People do not need more access just for the sake of access.
They need context.
They need someone or something that can help them connect the trend to their real life, the product to their needs, the recommendation to their identity, and the experience to the moment they are actually preparing for.
That is where Triple Eight Creative comes in.
I am building T8C as the bridge between beauty, brands, technology, and the people these industries are all trying to reach. Not by asking them to operate in the same way, but by helping them understand how much they already shape one another.
A beauty founder may be thinking about product. A hotel may be thinking about guest experience. A real estate group may be thinking about amenities. A technology company may be thinking about personalization. A brand executive may be thinking about customer loyalty.
But the person on the other side is not separating any of those things.
They are simply deciding whether an experience feels relevant, useful, and made with them in mind.
That is the gap Beyond the Counter is designed to explore.

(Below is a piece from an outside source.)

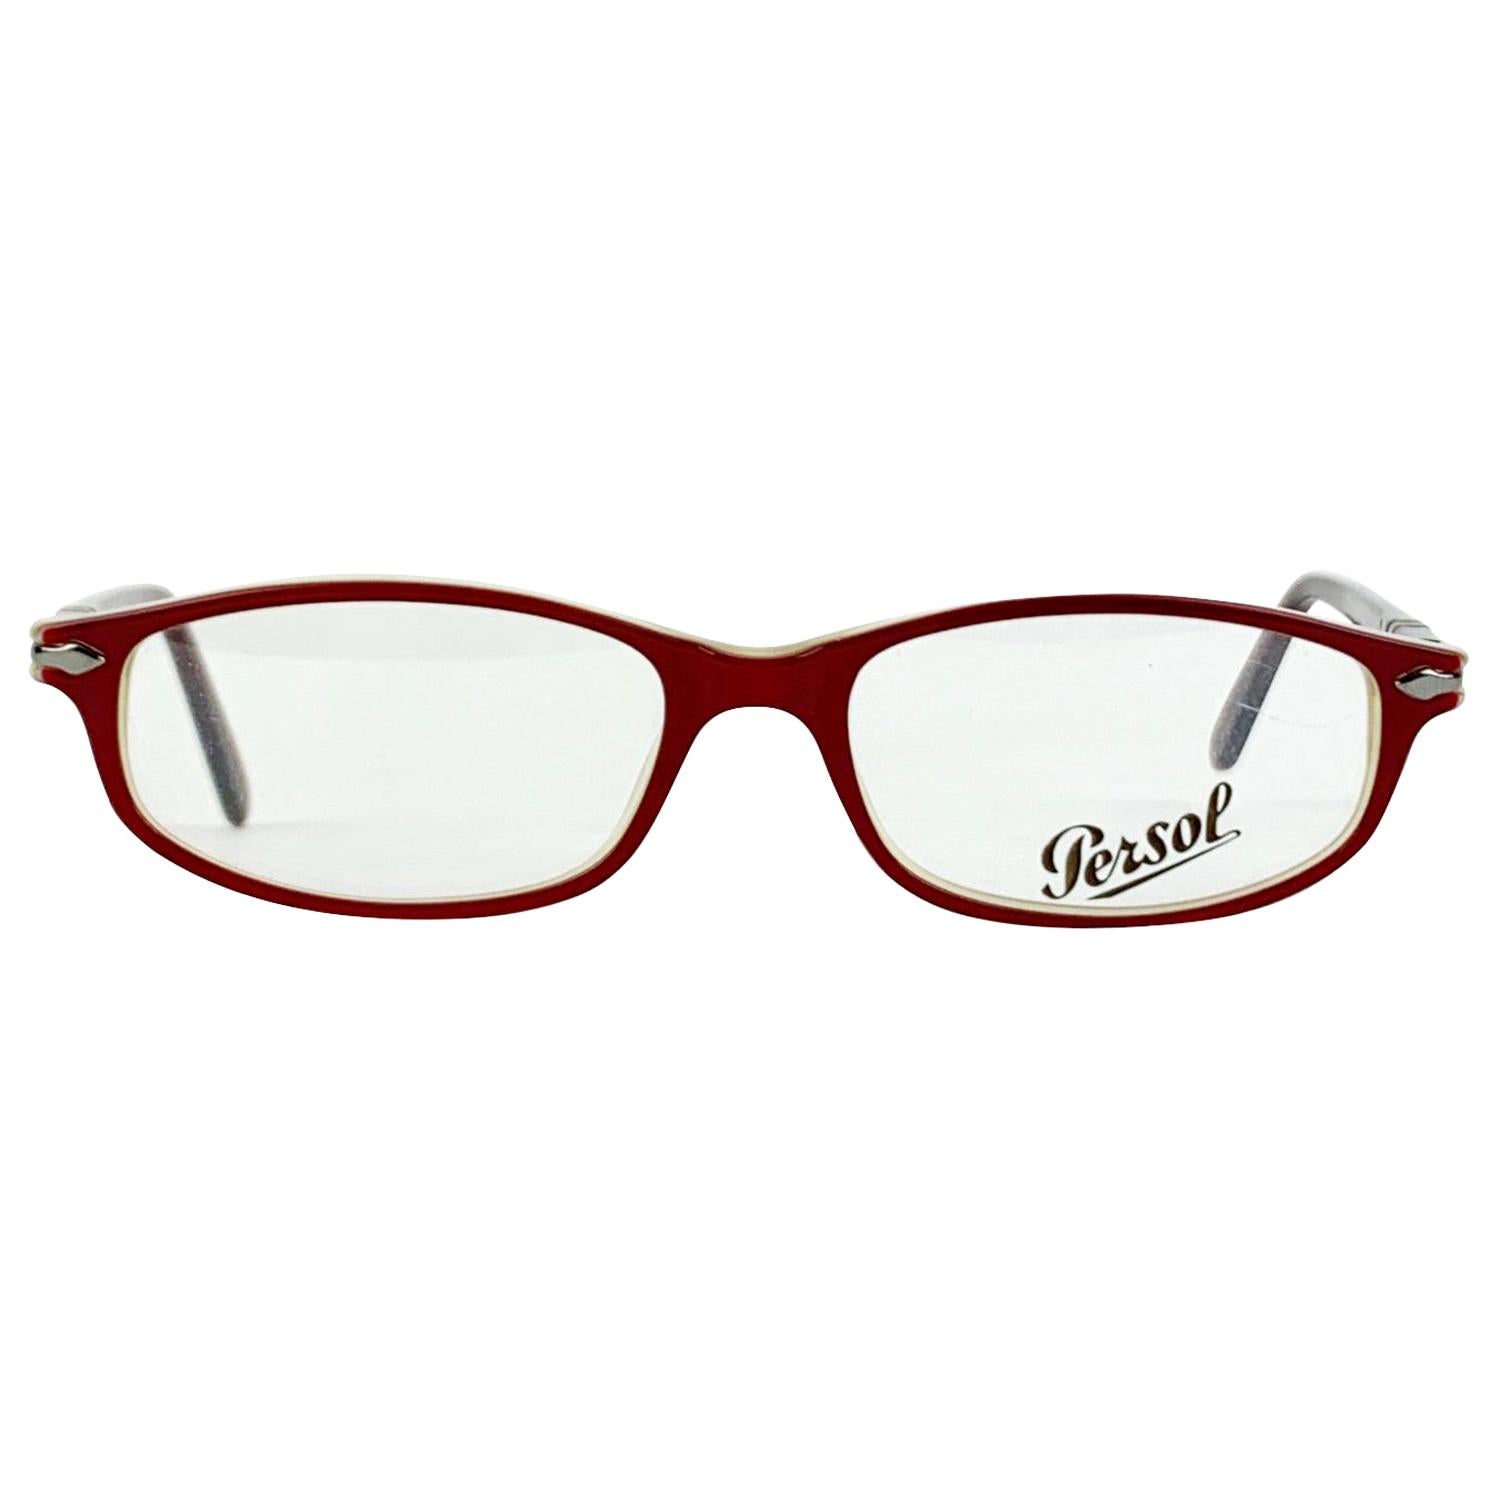 Persol Vintage Mint Unisex 2592-V 218 Red Eyeglasses 51/16 135 mm

Because beauty is not only about how someone looks. It is often at the core of how someone connects. It is how people prepare to be seen. It is how they show up for work, for love, for celebration, for community, and for themselves.
And when we treat beauty like a connector instead of a category, the possibilities get bigger.
The conversation moves beyond the counter, beyond retail, beyond the appointment, beyond the transaction. It becomes about how brands can create more meaningful relationships with people across the places they already spend their time.
This is especially important now because customer experience has become the real differentiator.
There are too many brands offering similar products. Too many spaces offering the same polished version of luxury. Too many companies using technology to create efficiency without asking whether the experience still feels human.
The next era will not belong to the brands that simply show up in more places.
It will belong to the brands that understand where they belong in someone’s life.
The strongest brands will not just be visible. They will feel connected to the way people already live.
That is what I want to explore through Beyond the Counter.
The event will bring together beauty founders, brand leaders, hospitality and real estate groups, technology thinkers, and people shaping customer experience from the inside. It will be a conversation about what happens when we stop building around beauty and start using beauty as a way to understand people better.
There will be elements of discovery, conversation, and the kind of shared experience that makes the ideas feel less theoretical. I want the room to reflect the thing we are discussing. Not just people talking about connection, but people actually feeling it.
Los Angeles feels like the right next place for this work.
New York gave us the foundation. It gave us the urgency, the rooms, and the proof that these conversations needed to happen. Los Angeles offers a different kind of possibility. The overlap between beauty, entertainment, hospitality, wellness, media, technology, and community is already there. There is more space to explore what happens when those worlds meet with intention.
And that matters to me because T8C is not meant to look exactly the same in every city.
The audience may shift. The partnerships may shift. The spaces may shift. The way the experience comes to life may shift.
But the core idea stays the same.
How do we help people feel more considered?
How do we help brands create relationships instead of just reach?
How do we use technology to make an experience more personal without losing the intimacy that made beauty matter in the first place?
Beyond the Counter is the next chapter because it brings those questions together.
It is a declaration of where Triple Eight Creative is going next. Into new markets. Into new rooms. Into deeper partnerships. Into a version of beauty that understands its role in culture, hospitality, community, and the way people want to be met.
I am not interested in making beauty louder.
I am interested in making it mean more.
And I think that starts when we remember that beauty is not only about connection to ourselves.
It is also one of the ways we connect with each other.